In a press conference on new government policies to tackle the coronavirus, the Chancellor Rishi Sunak announced changes to the benefits system. This is what he said, and what it means:
Increasing the Universal Credit standard allowance for the next 12 months by £1,000 a year
The standard allowance for Universal Credit is the monthly baseline of money your household receives from the benefit (it differs, depending on the make-up of your household – if you’re single and 25 or over, for example, it’s £317.82). You then receive additional elements on top of this, such as for children and housing costs.
This change makes Universal Credit a more generous welfare system to those who do, or will, claim it by around £20 a week.
Apparently all this makes the welfare system £7bn more generous – for context, remember £12bn of welfare cuts were announced in 2015 to be implemented by the end of 2020.

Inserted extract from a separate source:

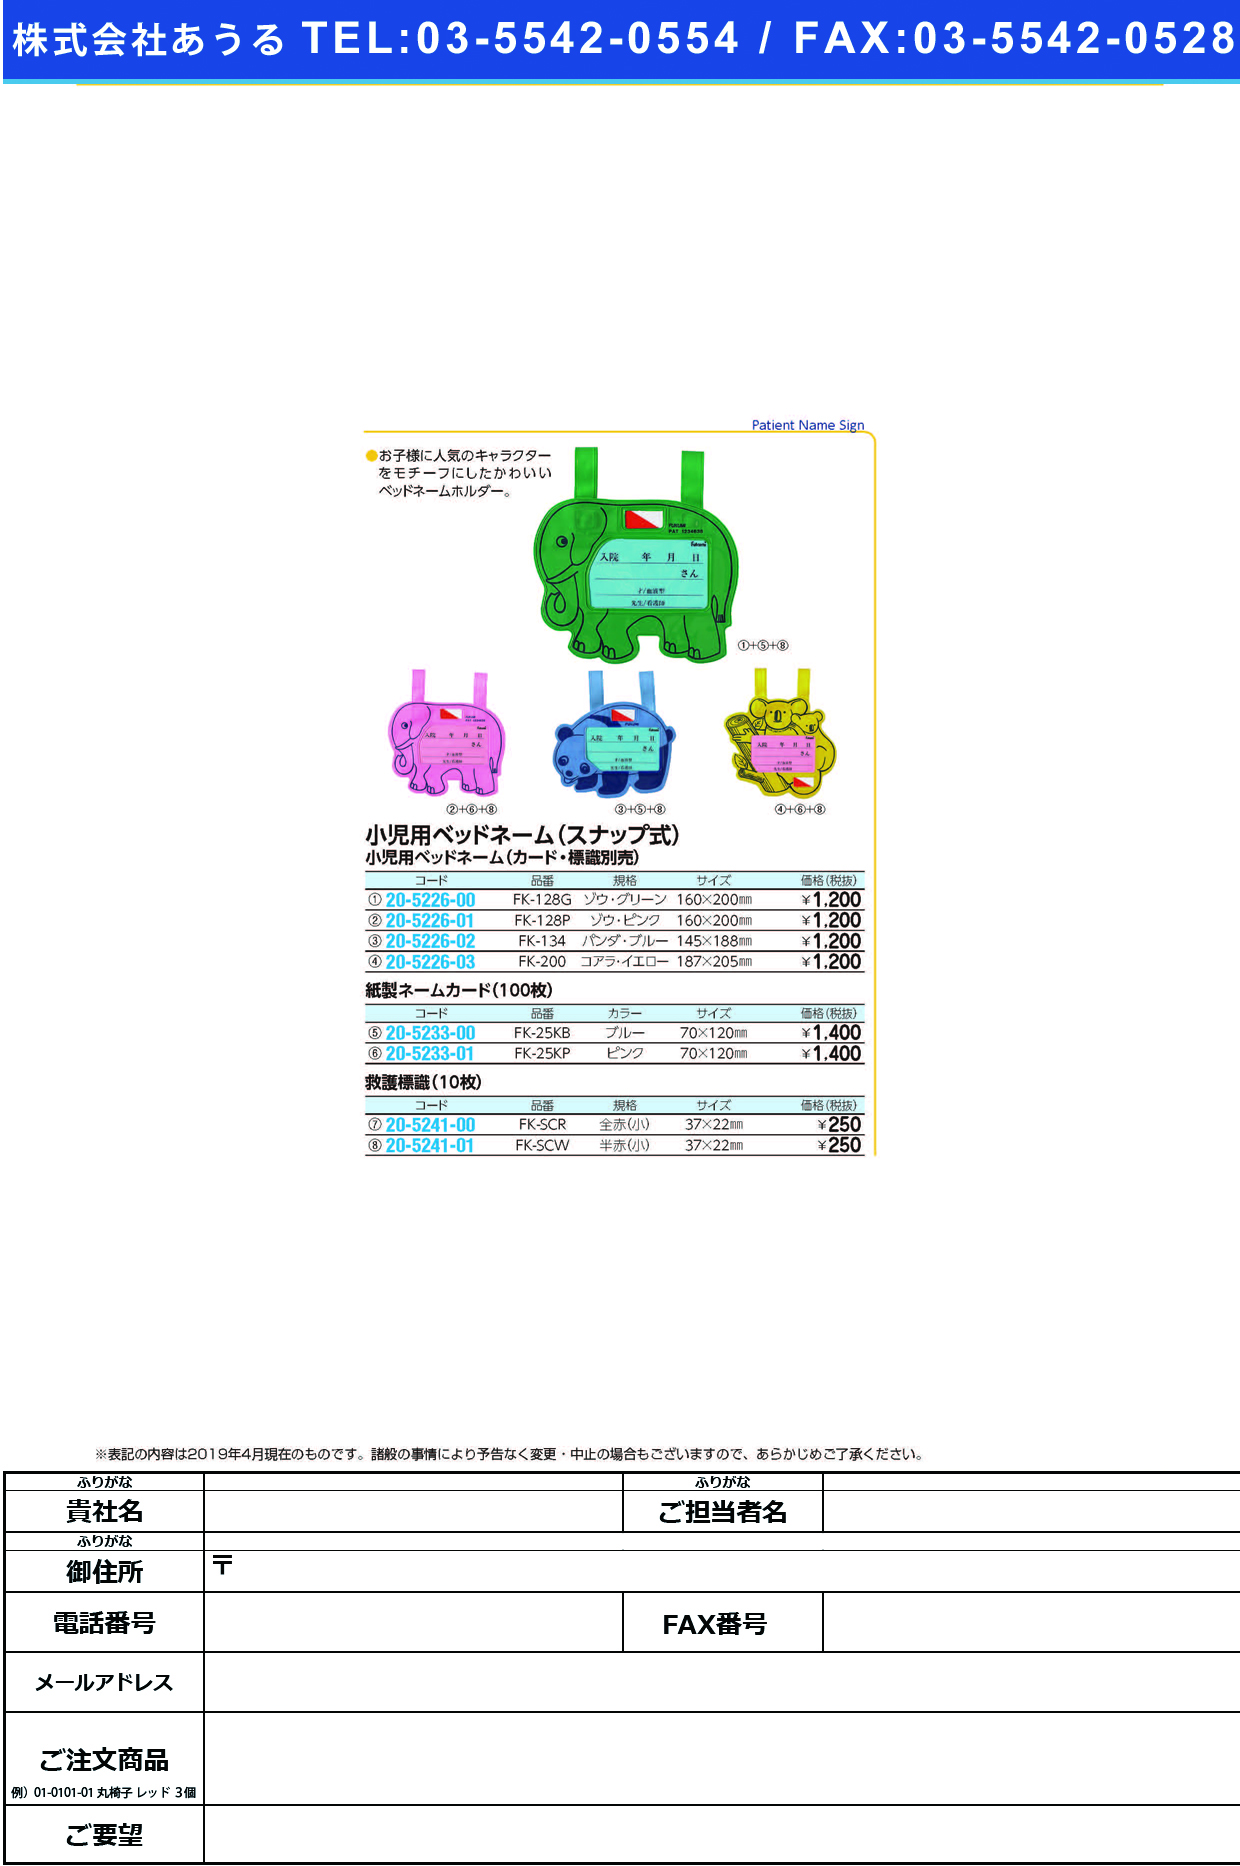 (20-5226-02)ベッドネームホルダー（小児用） FK-134(ｽﾅｯﾌﾟｼｷ) ﾍﾞｯﾄﾞﾈｰﾑﾎﾙﾀﾞｰ【1枚単位】【2019年カタログ商品】

Increasing the working tax credit basic element for the next 12 months by £1,000 a year
This applies to those still on the pre-Universal Credit system and will have the same effect as the above reform.
Suspending the minimum income floor for everyone affected by the economic impact of coronavirus
This is essentially help for self-employed people, whose Universal Credit payments are usually calculated on the basis of a minimum income floor – a calculation set at the national minimum wage based on how many hours you’re expected to work depending on your circumstances (in order to assume your earnings are similar to those of a low-income employee).
Removing this means self-employed UC claimants are entitled to higher payments, which, according to Sunak, are equivalent to statutory sick pay for employees (£94.25 a week).
This measure was announced in the Budget on 11 March for those “directly affected by Covid-19” – so it seems this latest announcement is an extension to all those economically impacted.
The next self-assessment tax payments will be deferred from 31 July to January 2021, which will help the self-employed in the immediate term.
Local housing allowance to cover at least 30 per cent of market rents in your area
Local housing allowance is the housing benefit for private renters, calculated based on local rent rates. This will help low-income renters by increasing the amount of rent that can be covered, calculated on the basis of the lowest 30 per cent of local market rents.
For context, when it was first introduced in 2008, the local housing allowance covered the cheapest half of local market rents, before being reduced to the lowest third in 2010 under the Conservative-Liberal Democrat coalition government, and then frozen at 2016 rent levels until it was announced this January that the freeze would be lifted from 1 April (significantly, local housing allowance was not at the time restored to cover a proportion of local rates – just to rise in line with inflation again from its 2016 level).
While these changes provide more relief for current and future benefit claimants, there is still a five-week wait for the first Universal Credit payment, which is bizarre given the priority should be to help people afford to stay indoors immediately.
Those who earn less than £118 a week are also still in a difficult situation, as they are not eligible for statutory sick pay or the contributory branch of Employment and Support Allowance. These low earners, employees having to live on statutory sick pay and self-employed people living on the Universal Credit equivalent, continue to face tough circumstances if they can no longer work.